There is another important thing to note on the second page of the letter where distribution is addressed. Here is the screenshot again:
It states that if unused product is going to be shipped to another location, the shipment must include a copy of the letter with the QR code, referenced on the second page of this report, so that it can be used to determine if the lot number on the carton is the BLA-approved product. To know and follow this requirement, one must know the letter exists. This author has spoken to several physicians and pharmacists, and none have been aware of the letter.
The bottom line?
Americans are being deceived. Public disclosure has not given. Only some of the available lots are “equivalent.” The chances of getting the “equivalent” formulation are very slim. Americans were led to believe that all the Pfizer-BioNTech vaccines were “equivalent” and “interchangeable” with the FDA-approved product, which is not at all the case.

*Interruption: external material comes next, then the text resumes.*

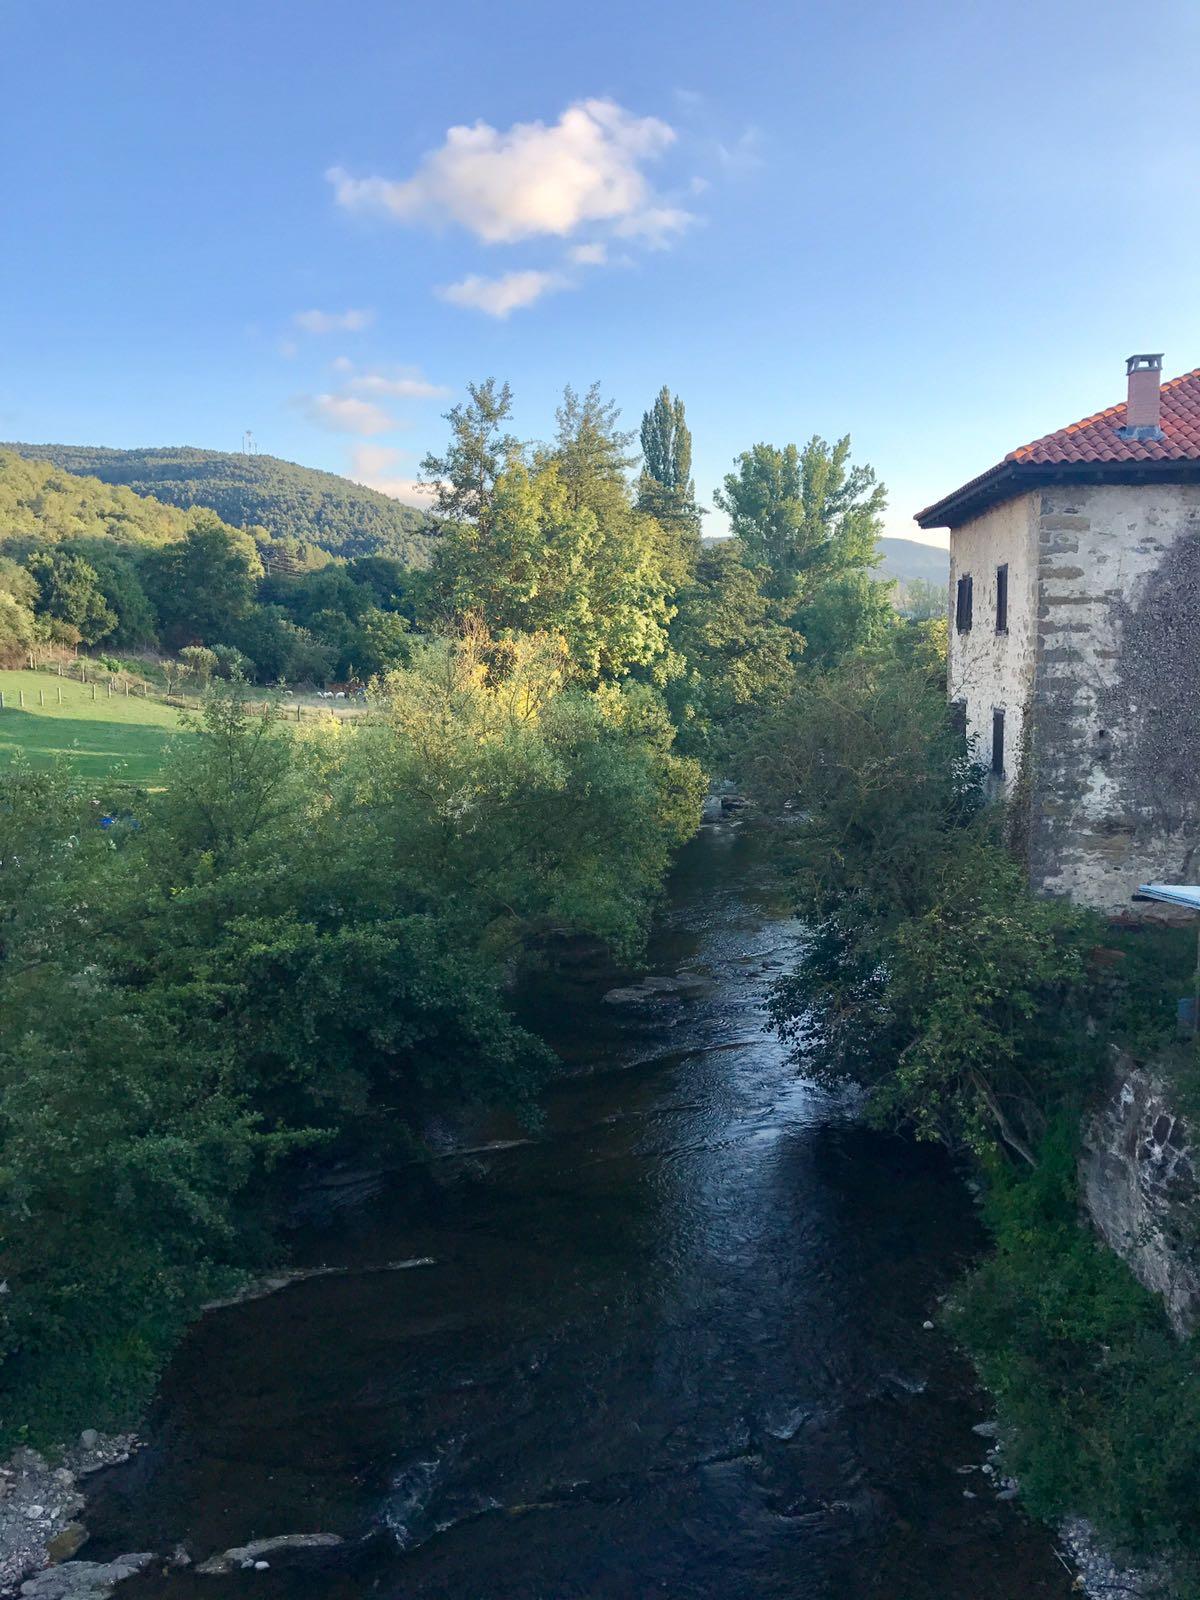 The river Arga passing alongside the town of Zubiri

This lack of transparency led to a tidal wave of policy changes, including vaccine mandates, thus destroying many Americans’ lives. People lost their jobs. Students were not allowed to attend colleges. Soldiers were kicked out of the military. Americans were prevented from entering businesses, sporting events, and much more. If this information had been publicly available and widely disseminated, COVID-19 vaccine-related court cases may have played out much differently. Additionally, military leaders may have made much different choices. Unfortunately, we do not get a do-over.
The most important take away is that the American public was lied to. That is truly all we need to know. In 23 years of medicine, this is may be the most unethical thing this author has seen. It will take decades for healthcare to recover from the damage that has been done.